A 'fit and healthy' woman has recounted how a terrifying episode of uncontrollable bleeding led to a shock diagnosis of a rare cancer typically seen in women three times her age. Sarah Lai, a 23-year-old university graduate working as an allied health assistant in Queensland, first noticed something was wrong in February 2024. She experienced extremely heavy bleeding that became so severe she was rushed to the hospital, but after waiting four hours in a busy emergency department, her symptoms eased and she went home before being seen.
She later visited her GP, who prescribed tranexamic acid (TXA) to take whenever the bleeding worsened. Her GP also suspected her uterine lining may have thickened, but scans came back normal. At the time, Sarah had no reason to believe she could be seriously unwell. She was young, active, and otherwise healthy, and also had polycystic ovary syndrome (PCOS), which she assumed could be linked to the abnormal bleeding.

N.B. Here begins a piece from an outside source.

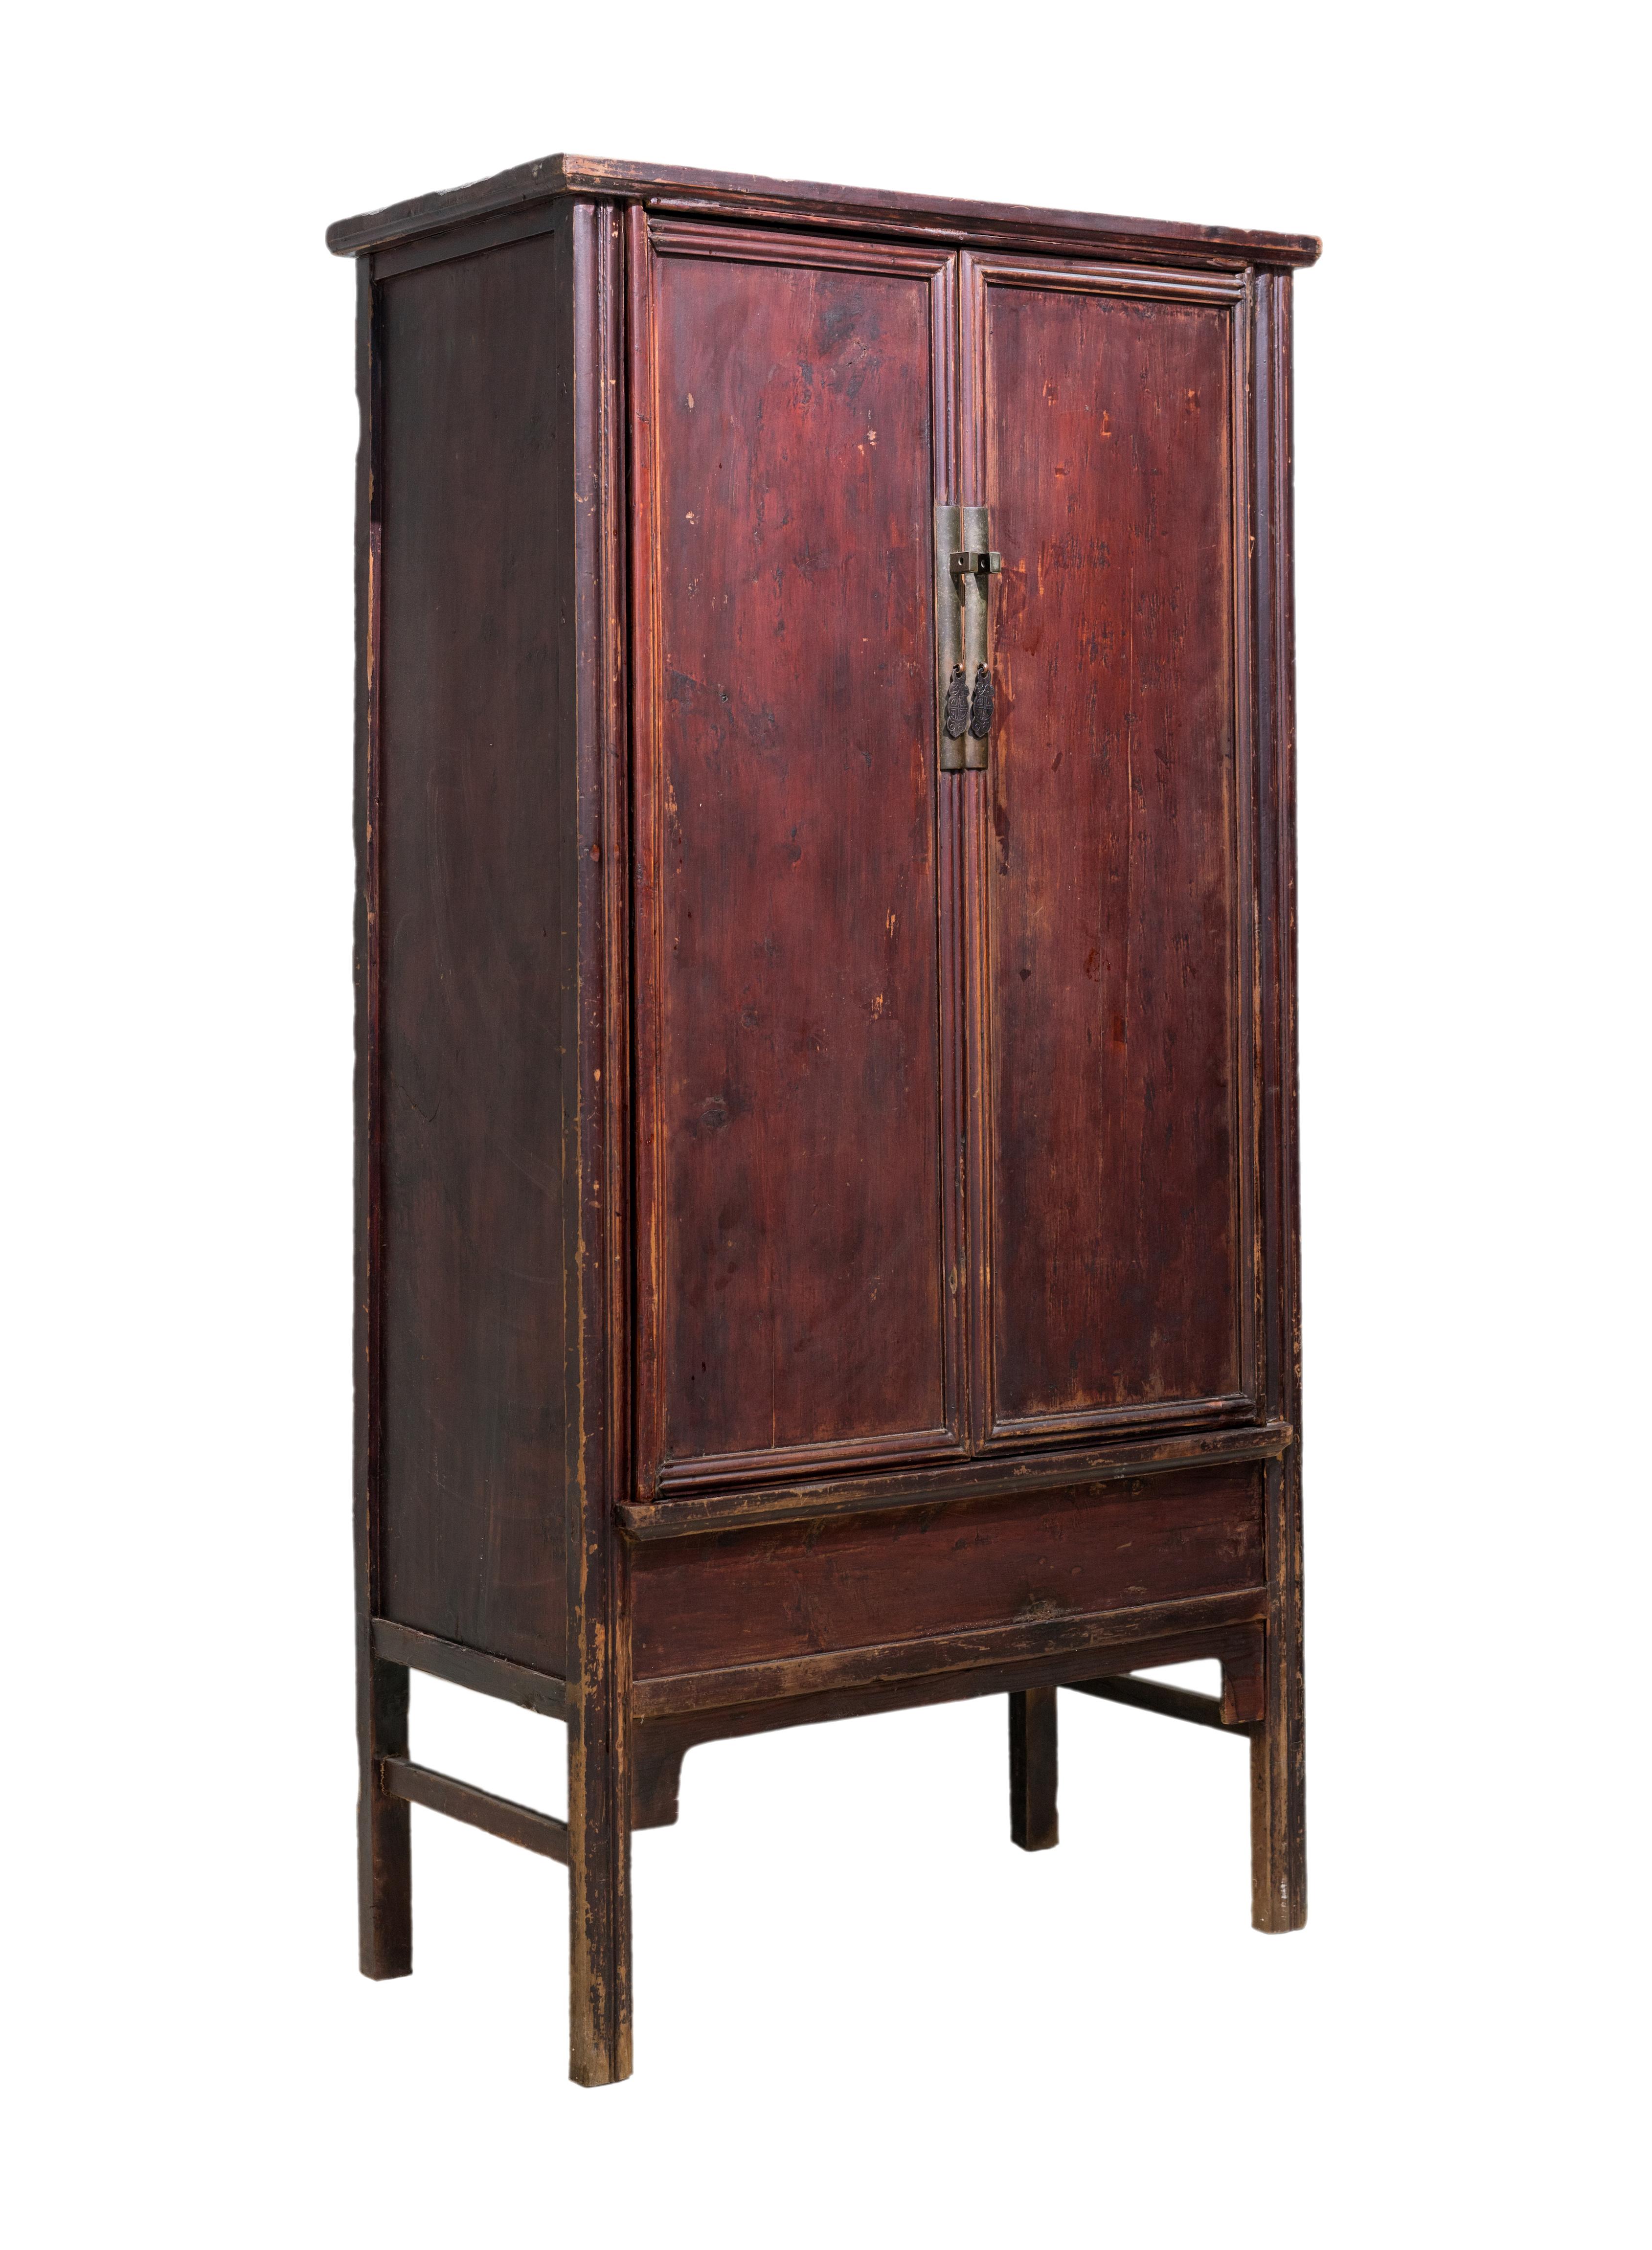 A deep red sloping-stile cabinet from Zhejiang province, China. Both legs are adorned with a single

In August 2025, her period lasted 14 days. 'I started to get a bit suspicious because I didn't have any pain or cramping at all,' she said. On day 15, the bleeding became impossible to control. 'The bleeding got so bad that my oral medication didn't work. I was bleeding everywhere, there was blood all over the floor, there were blood clots the size of my fist coming out, and I just couldn't control it.' She returned to hospital, where doctors gave her a strong IV dose of medication to slow the bleeding, along with an oral synthetic progesterone tablet. The treatment worked, but emergency doctors told her to return to her GP for further scans and a referral to a gynaecologist.
Days later, a pelvic ultrasound showed alarming results: her uterine lining was 19mm, while a healthy woman's lining would usually be 2-4mm during her menstrual cycle. Her GP was immediately concerned and wrote an urgent referral to several gynaecologists. One specialist saw her the following week and reassured her that, due to her health and age, there was less than a 1% chance of cancer. However, to be safe, a hysteroscopy was recommended. Sarah underwent the procedure without complications and was told results would take three to four weeks. Instead, she received a phone call just 10 days later asking her to come in urgently.

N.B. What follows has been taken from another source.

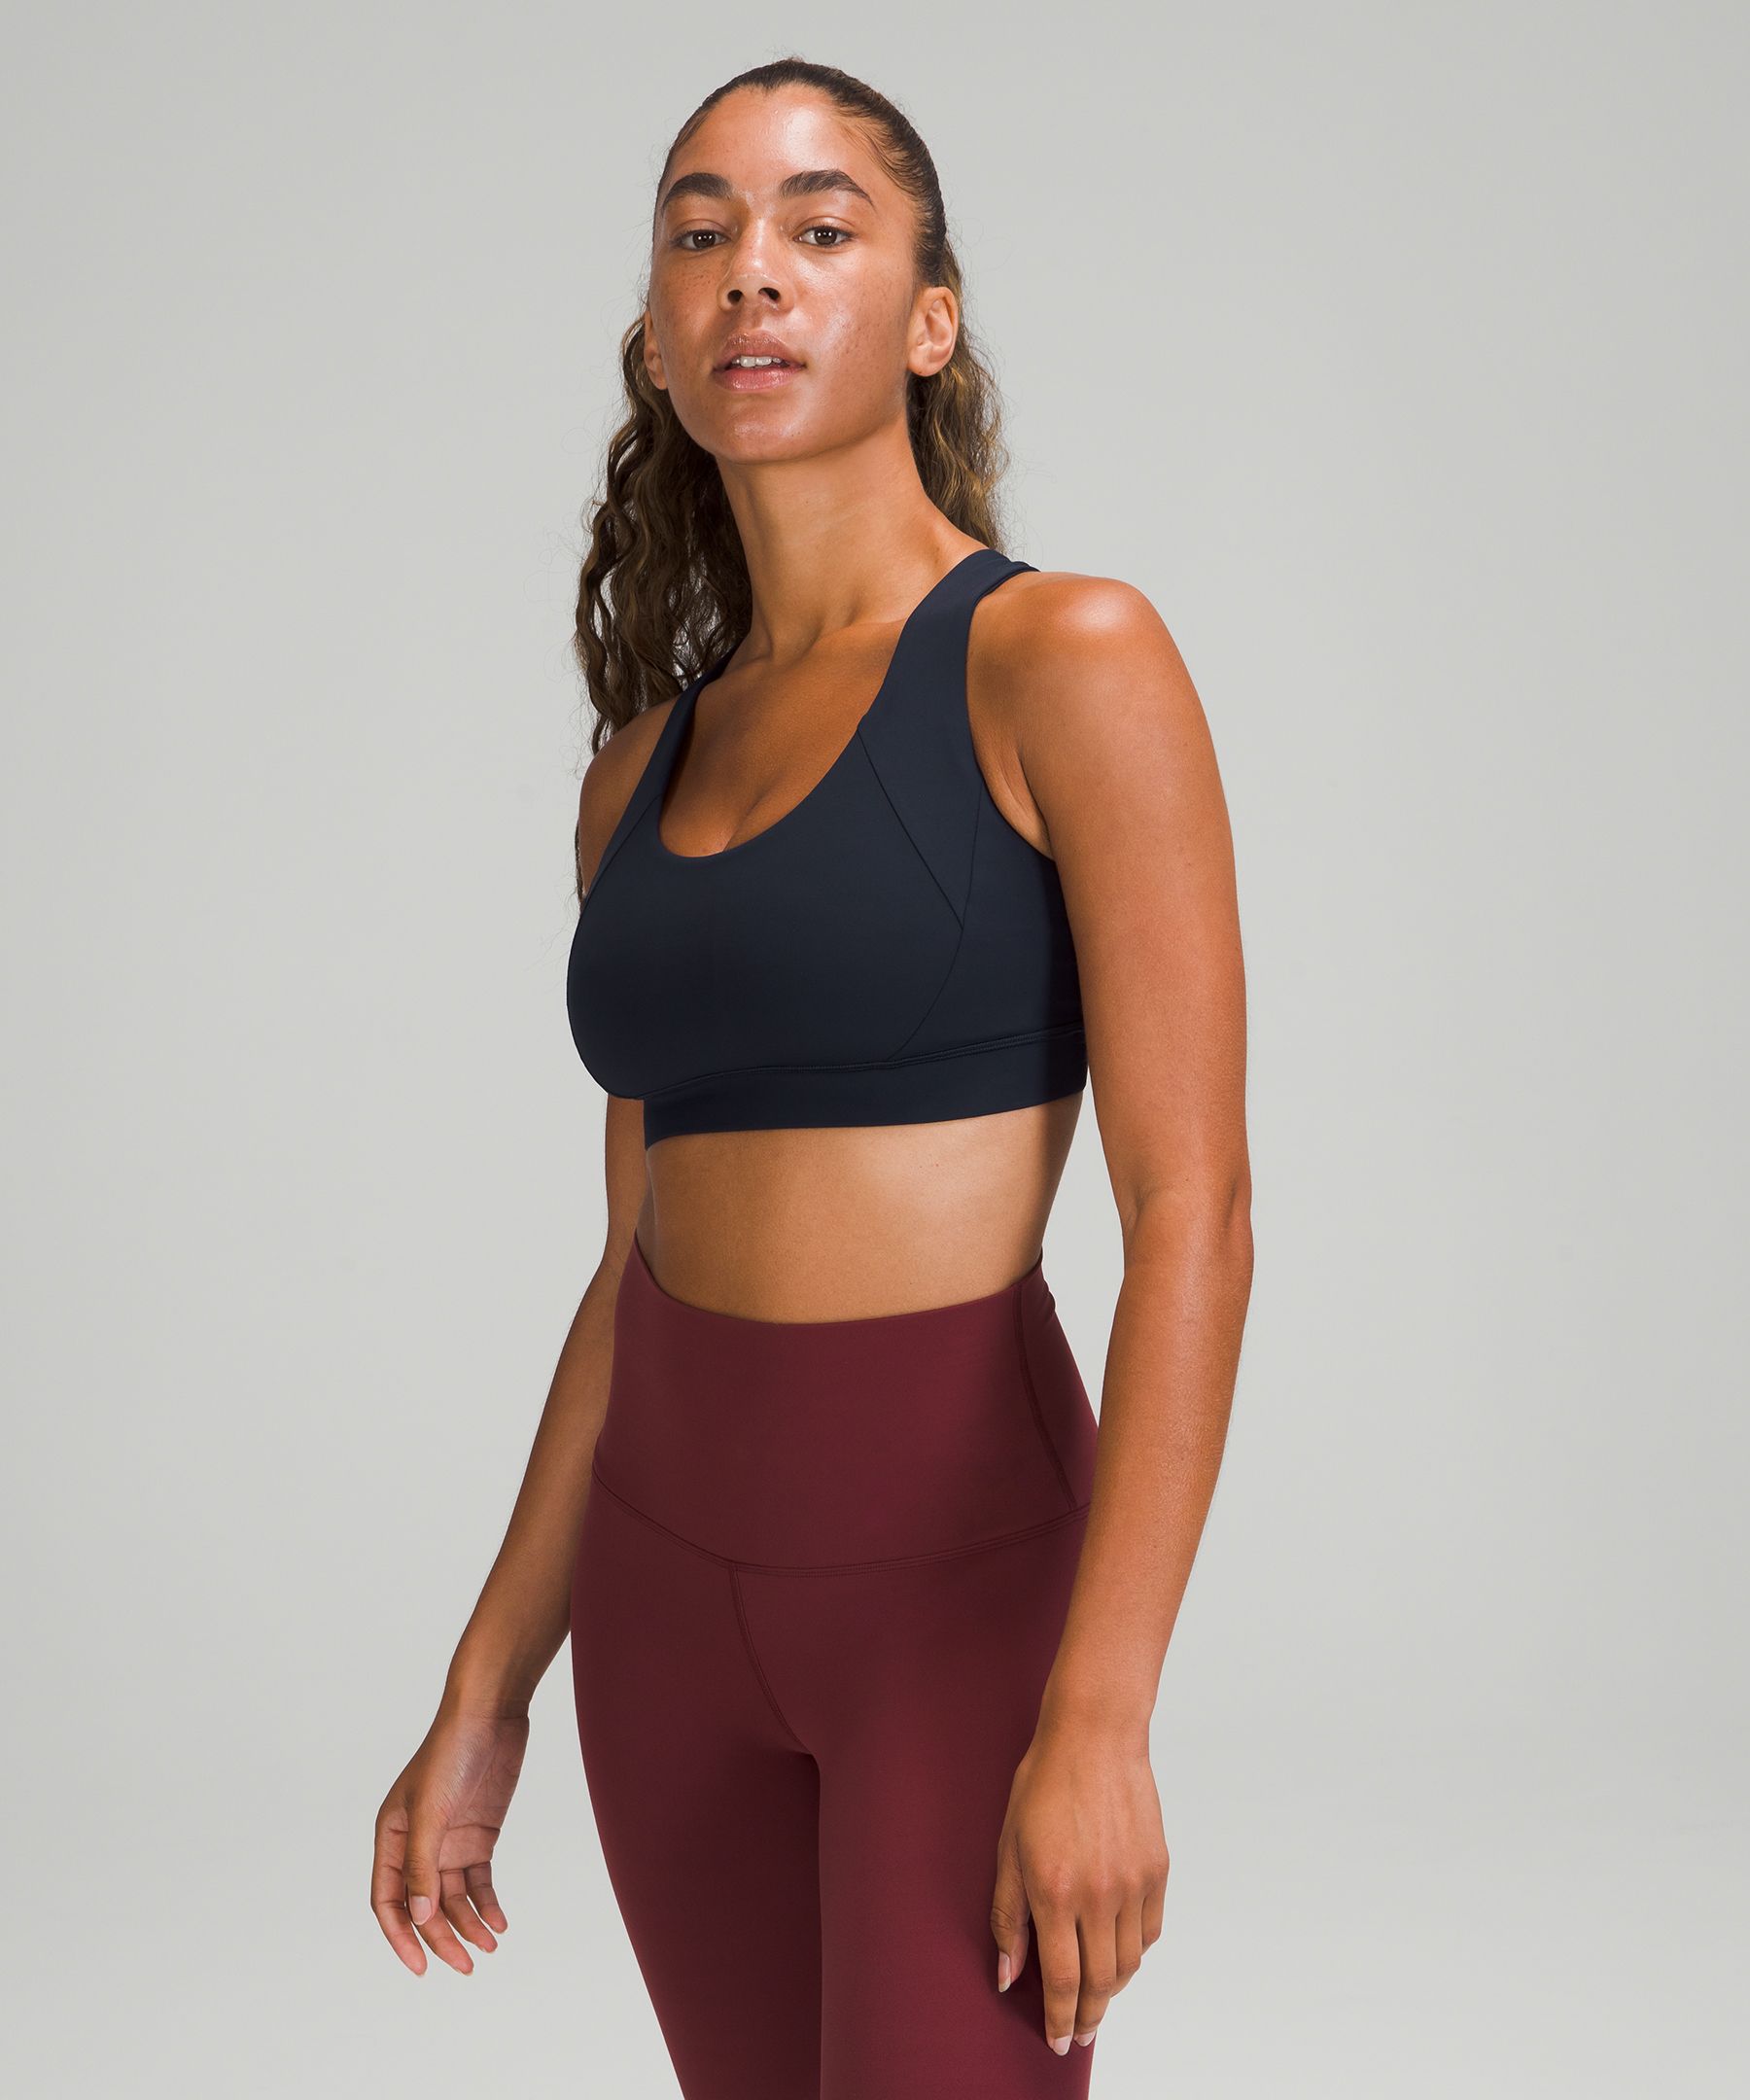 Lululemon Free To Be Elevated Bra Light Support, Dd/ddd(e) Cup In True Navy

On October 8, she was told she had grade 2 endometrial adenocarcinoma, the most common type of endometrial cancer. 'At just 23, I became one of the youngest in Australia ever diagnosed with something that not even my specialists were ready for,' she said. Staging was not immediately possible because endometrial cancer is usually staged after a hysterectomy, but at 23, Sarah was not ready to make that decision. Instead, doctors organised a CT scan and MRI to estimate how far the cancer had spread.
After the appointment, Sarah went home in shock and denial. Later that night, reality hit: 'I cried all night, and my whole family was in denial as well.' She felt profoundly isolated, as most people with endometrial cancer are much older. While waiting to see other specialists, she had a Mirena IUD inserted during her first hysteroscopy, which doctors hoped could help thin the uterine lining if the cancer was caught early enough.
When Sarah finally met her gynae-oncologist, she was told the scans suggested the cancer was stage 1. Her specialist recommended fertility treatment discussions and then another hysteroscopy three months later to see how the cancer cells were responding. That second procedure took place in January, and the results were extraordinary: her body completely responded to treatment, and there was no evidence of disease. Because of this, she did not need the hysterectomy, chemotherapy, or radiation she had feared.
While the news was overwhelmingly positive, recovery brought emotional confusion. 'I feel like I went through so many identity changes. At first, I had to adjust to having cancer, and now I have to adjust again, being a survivor,' she said. Her family remained her strongest support throughout the ordeal, but cancer also changed some friendships. After documenting her diagnosis online, she found unexpected support from strangers and built a 'mini online community'.
The experience has changed how she sees her body, work, and future. 'Having cancer has made me face my own mortality in a way that no one else has to,' she said. She also faced misconceptions, such as being asked why she wasn't bald or receiving unsolicited medical advice. Now, as both a healthcare worker and cancer survivor, she believes the experience has changed the way she relates to patients.
Sarah had no genetic mutations and no family history of endometrial cancer. 'The cause of my cancer remains unknown. I'm a healthy individual, and I somehow got cancer. No cause whatsoever, just a spontaneous mutation,' she said. Her message to other young women is simple: do not dismiss abnormal bleeding, even if you are young, fit, and otherwise well.